Essa característica significa que ela poderia ser utilizada como um novo tipo de raio-X capaz de obter imagens de resolução muito maior do que a alcançada até agora com os aparelhos convencionais.

Dispersão

Os pesquisadores descobriram o efeito desta luz quando incidiram o laser sobre elétrons individuais suspensos em hélio. Dessa forma, eles notaram que, ao aumentar a intensidade da luz, depois de um certo limiar, a dispersão de fótons (partículas de luz) mudava a aparência daquilo que iluminava.

Para entender esse processo, Donald Umstadter, o principal autor do estudo, disse à BBC como funciona a dispersão, o processo que torna as coisas visíveis. “Se você olhar pela janela, a única razão pela qual você vê é porque a luz do Sol reflete nos objetos – por exemplo, em uma árvore – e aí se dirige aos seus olhos. Esse reflexo é o que chamamos de dispersão”, explica. “Sem dispersão, mesmo em um dia ensolarado, você veria tudo escuro como a noite”, acrescenta.

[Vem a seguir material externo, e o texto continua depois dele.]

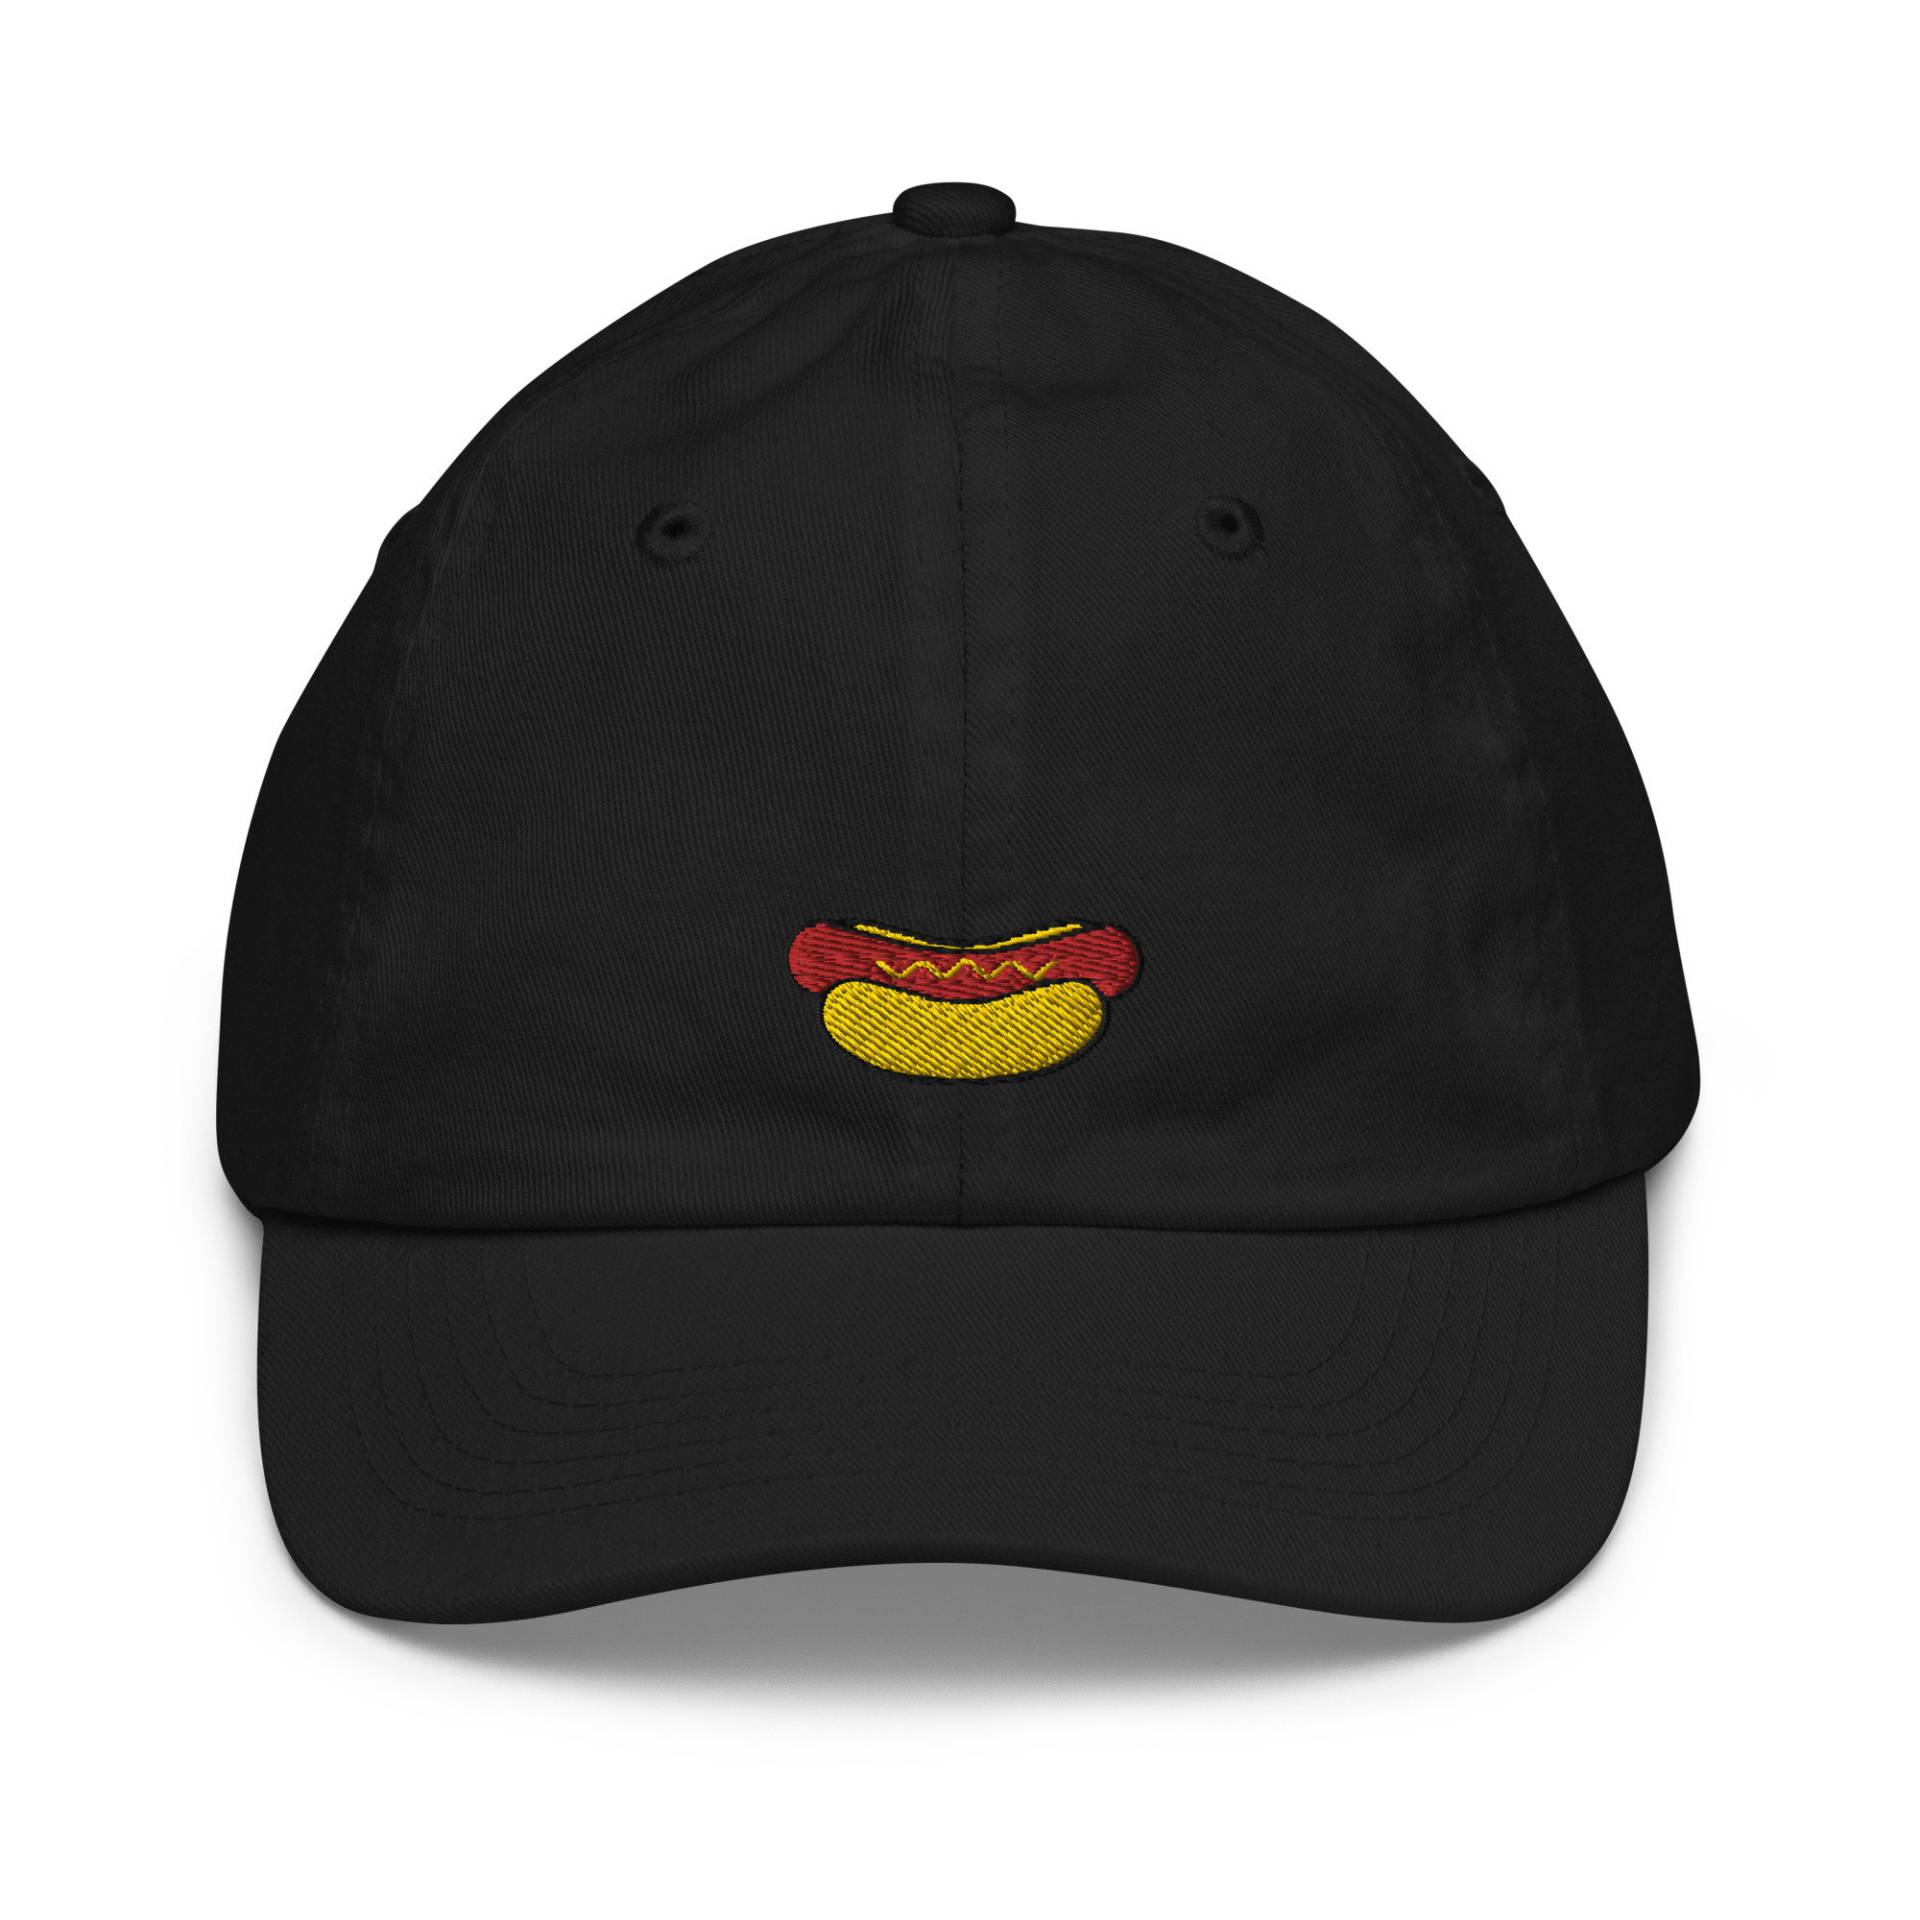 Kinder Hot Dog Jugend Baseball Cap, Bestickte Kindermütze, Kindermütze Geschenk - Mehrere Farben von GetStitch

O que ocorre com esta luz potente é que ela produz uma dispersão em uma escala inimaginável.

Medicina e segurança

“Normalmente, se você aumenta a intensidade da luz de uma casa, vai poder ver tudo da mesma forma, mas mais brilhante. Quando nós aumentamos a potência do nosso laser a certo nível, a luz que vinha do objeto já não parecia o objeto original, mas um com mais forma, visto de distintos ângulos e com energia diferente. A imagem era mais parecida com as dos raios-X”, diz.

Uma das aplicações práticas mais evidentes é no campo da medicina: a luz poderia, por exemplo, ser usada para detectar microfraturas.

Além disso, cientistas apontam que a luz poderia ser empregada para fazer imagens das reações químicas ou de elétrons em movimento, assim como em dispositivos de segurança.

Consequências das microfraturas

As fraturas podem ser divididas em dois tipos: as que causam dor aguda numa determinada área do corpo e as que causam dores de maior duração e espalhadas, chamadas de microfraturas, que costumam surgir principalmente na região da lombar.

As microfraturas podem provocar uma série de problemas para a coluna vertebral e para todo o corpo. Entre as possíveis consequências estão deformidades na coluna, anomalias na postura, diminuição da estatura, além de dores intensas e sobrecarga nos músculos, ligamentos e articulações.